How to prove $\lim_{x\rightarrow\infty}-x^2+\log(x^2)=-\infty$

Question

I'm proving the following $$\lim_{x\rightarrow\infty} \bigg(-\frac{x^2}{2}+\frac{7}{2}\log(x^2+2\sqrt{2})\bigg)=-\infty$$ but how to state that $-x^2$ is going faster to $-\infty$ than $\log(x^2)$ is going to $\infty$?

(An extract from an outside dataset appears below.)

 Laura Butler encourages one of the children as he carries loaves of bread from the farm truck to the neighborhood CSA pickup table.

This is a part of a proof for convergence of heavy tailed distributions.

Thank you in advance.

Answer 1

hint

If we put $t=x^2$, it will be equivalent to prove that

$$\lim_{t\to+\infty}\Bigl(-\frac t2+\frac 72\ln(t+2\sqrt{2})\Bigr)=-\infty$$

$$\ln(t+2\sqrt{2})=\ln(t)+\ln(1+\frac{2\sqrt{2}}{t})$$

we want $$\lim_{t\to+\infty}\Bigl(t(\frac{-1}{2}+\frac 72\frac{\ln(t)}{t})+\ln(1+\frac{2\sqrt{2}}{t})\Bigr)$$ $$=+\infty(\frac{-1}{2}+0) + 0 =-\infty$$

Answer 2

Hint: Factorize first inside the logartihm by $x^2$ then factorize by $x^2$ the whole thing and show $ \ln(x^2)/x^2 \to 0$ at the infinity.

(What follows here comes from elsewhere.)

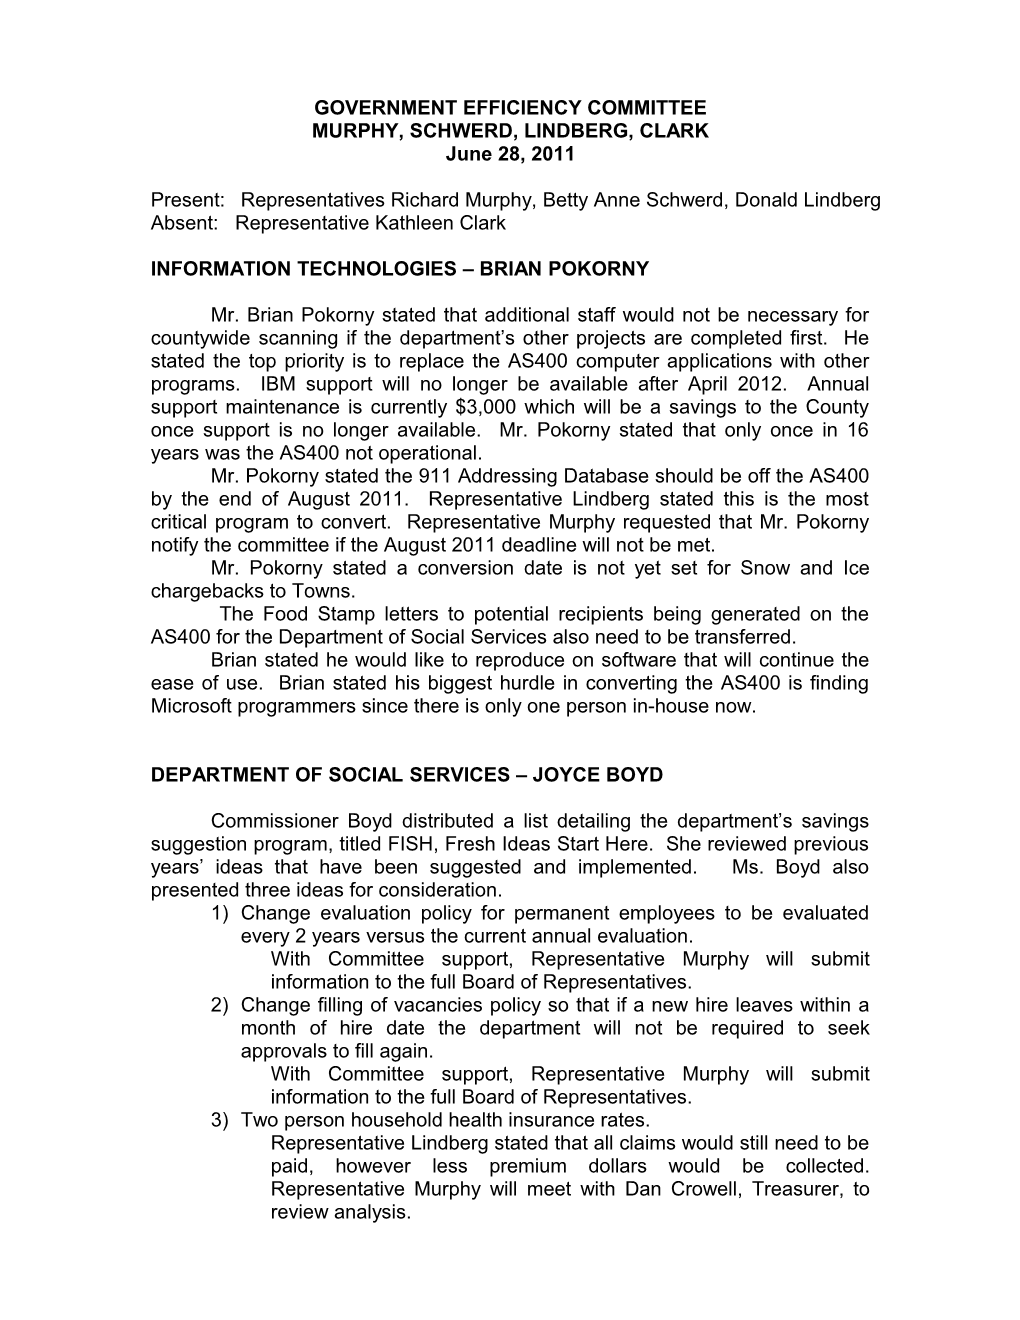 GOVERNMENT EFFICIENCY COMMITTEE Page 2

For this, if it isn't a result you're used to use, take substitution :

$$ x=e^t$$

and conclude from the result on $x$.

Knowing that

$$ \dfrac{t}{e^{2t}} \to_{t \to \infty} 0$$

Answer 3

Note that $\log(x^2) -x^2$ can be written as

$$\log(x^2) -\log(e^{x^2}) = \log \left(\frac{x^2}{e^{x^2}}\right)$$ and so the limit is $$\lim_{x\to\infty} \log \left(\frac{x^2}{e^{x^2}}\right) \\ = \log \left(\lim_{x\to\infty}\frac{x^2}{e^{x^2}}\right) \\=\log(\to 0) = -\infty$$

Answer 4

$$\lim_{x\rightarrow\infty} \bigg(-x^2+\log(x^2)\bigg)=-\lim_{x\rightarrow\infty} x^2\bigg(1-\dfrac{\log(x^2)}{x^2} \bigg)=-\infty$$

Expression in brackets tends to $1$.